In collegiate chapel choirs (at Oxford and Cambridge, for instance), the altos, tenors, and basses are frequently 'choral scholars' or 'academical clerks', matriculated university students who have won a place to sing in the chapel choir. In cathedrals, the 'gentlemen of the choir' (a name given to all of the singers save the trebles) are 'vicars choral' or 'lay clerks' and are laypeople who may be professional singers and are frequently ex-choral scholars.

I'm much less familiar with continental or American choirs, but looking even just for a minute at Youtube footage of the famous German or Viennese choirs shows that they are much, much more likely to train boy altos than are their English counterparts. Part of this, I think, has to do with the labeling of these choirs as 'boy choirs' (Tölzer Knabenchor = Tölz Boys' Choir; Wiener Sängerknaben = Vienna Boys' Choir, The American Boychoir, etc.) and the selection of their repertoire to include more folk and trad works that don't necessarily demand men's voices.

There's also evolved, amongst English choirmasters, the belief that training a boy's voice beyond the very earliest stages of its mutation will permanently damage the voice and/or the vocal mechanisms. (In an interview that I can't currently find, a young Aled Jones parrots off that he'll stop singing altogether when his voice begins to change, as he doesn't want to ruin his adult voice.
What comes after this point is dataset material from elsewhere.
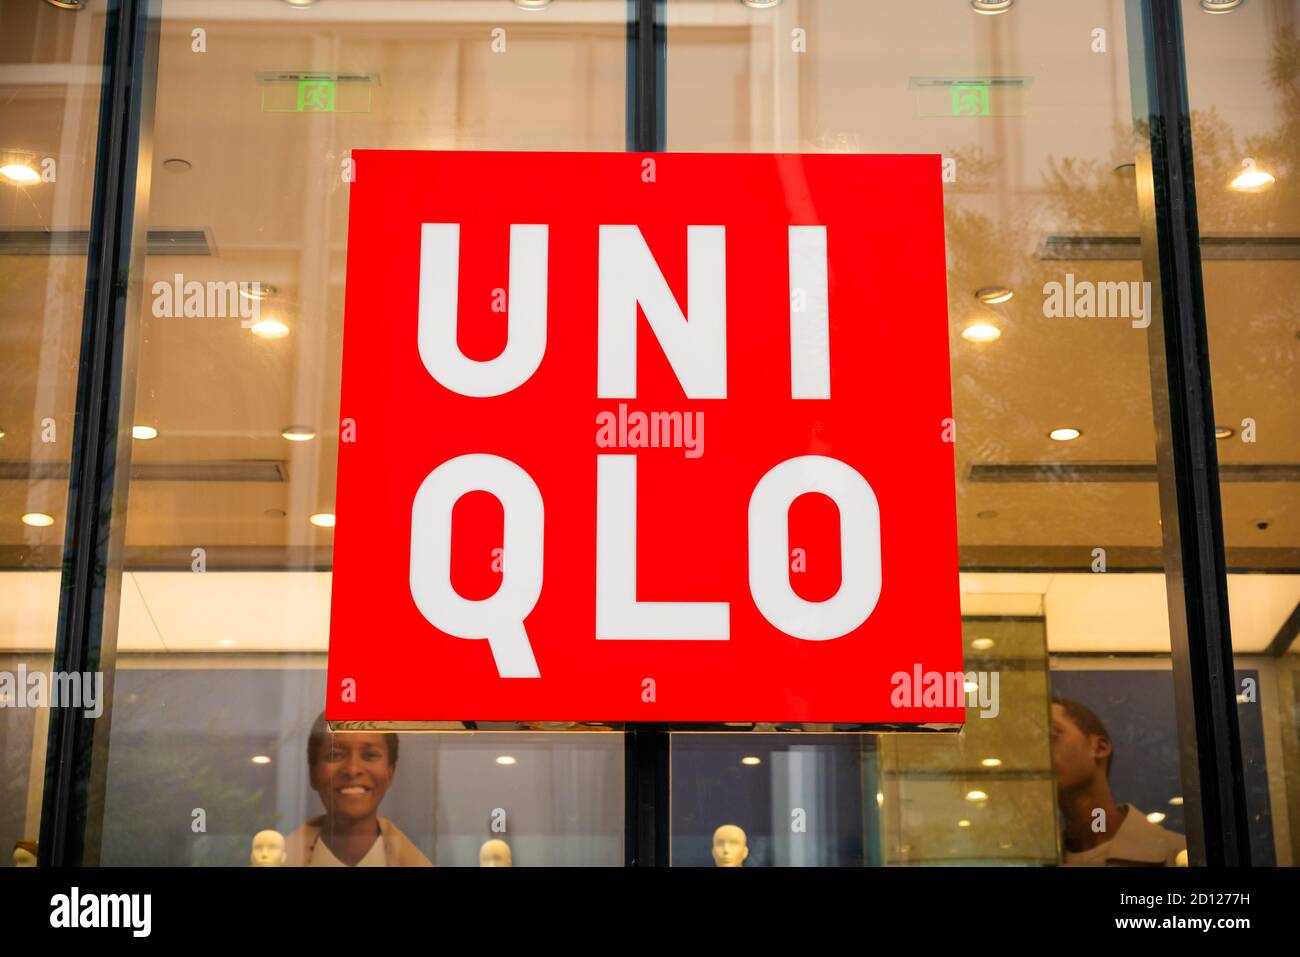 Japanese casual wear designer and manufacturer, Uniqlo logo seen in  Shenzhen Stock Photo - Alamy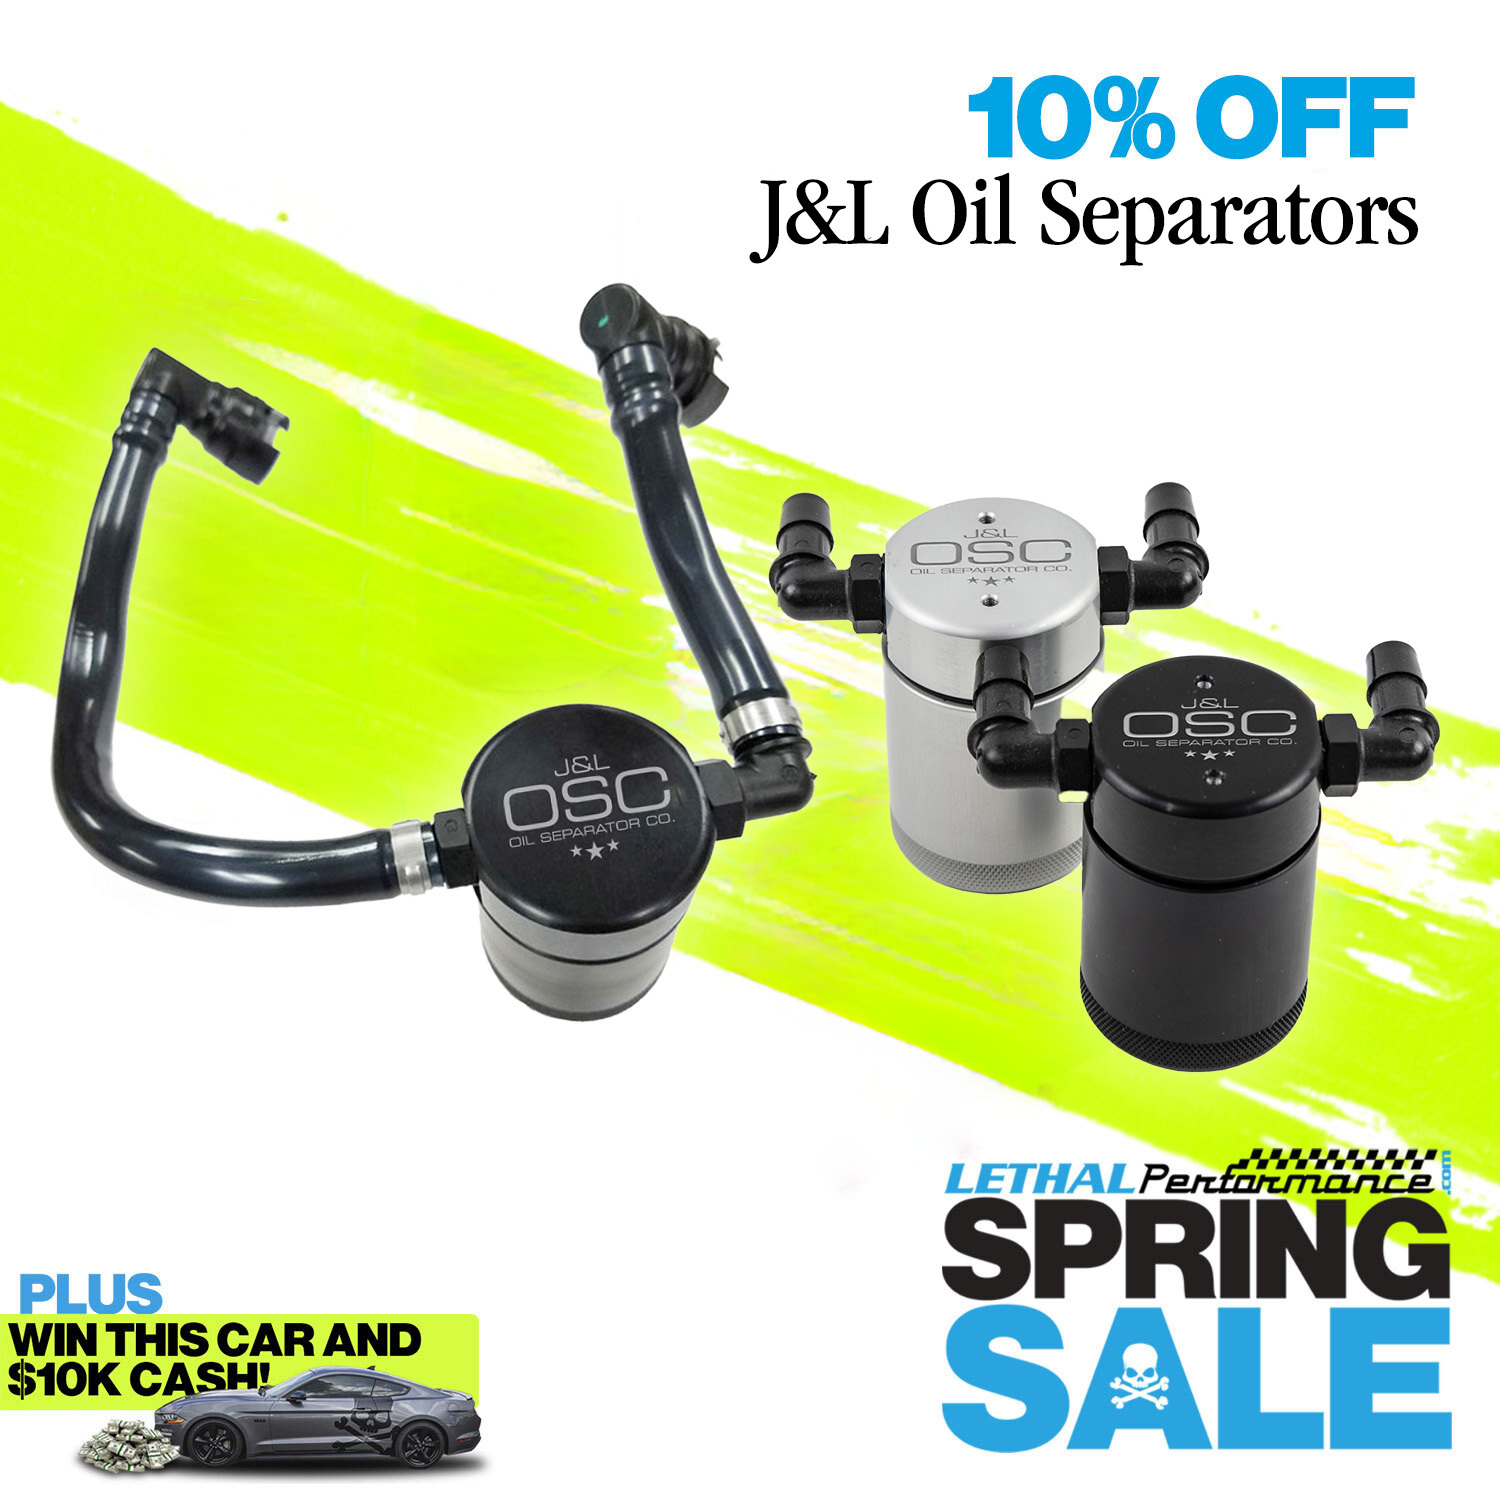 S650 Mustang Spring SALE has SPRUNG here at Lethal Performance!! springsale_J&L

This certainly didn't stop the famous English boy sopranos of earlier decades— boy sopranos who were probably really altos, though their training allowed them longer access to a higher register.) I don't know when this belief really took hold or why it hasn't seemed to do so in continental choirs, but I would not be at all surprised if it's both arisen from and perpetuated the lack of boy altos in English-model choirs.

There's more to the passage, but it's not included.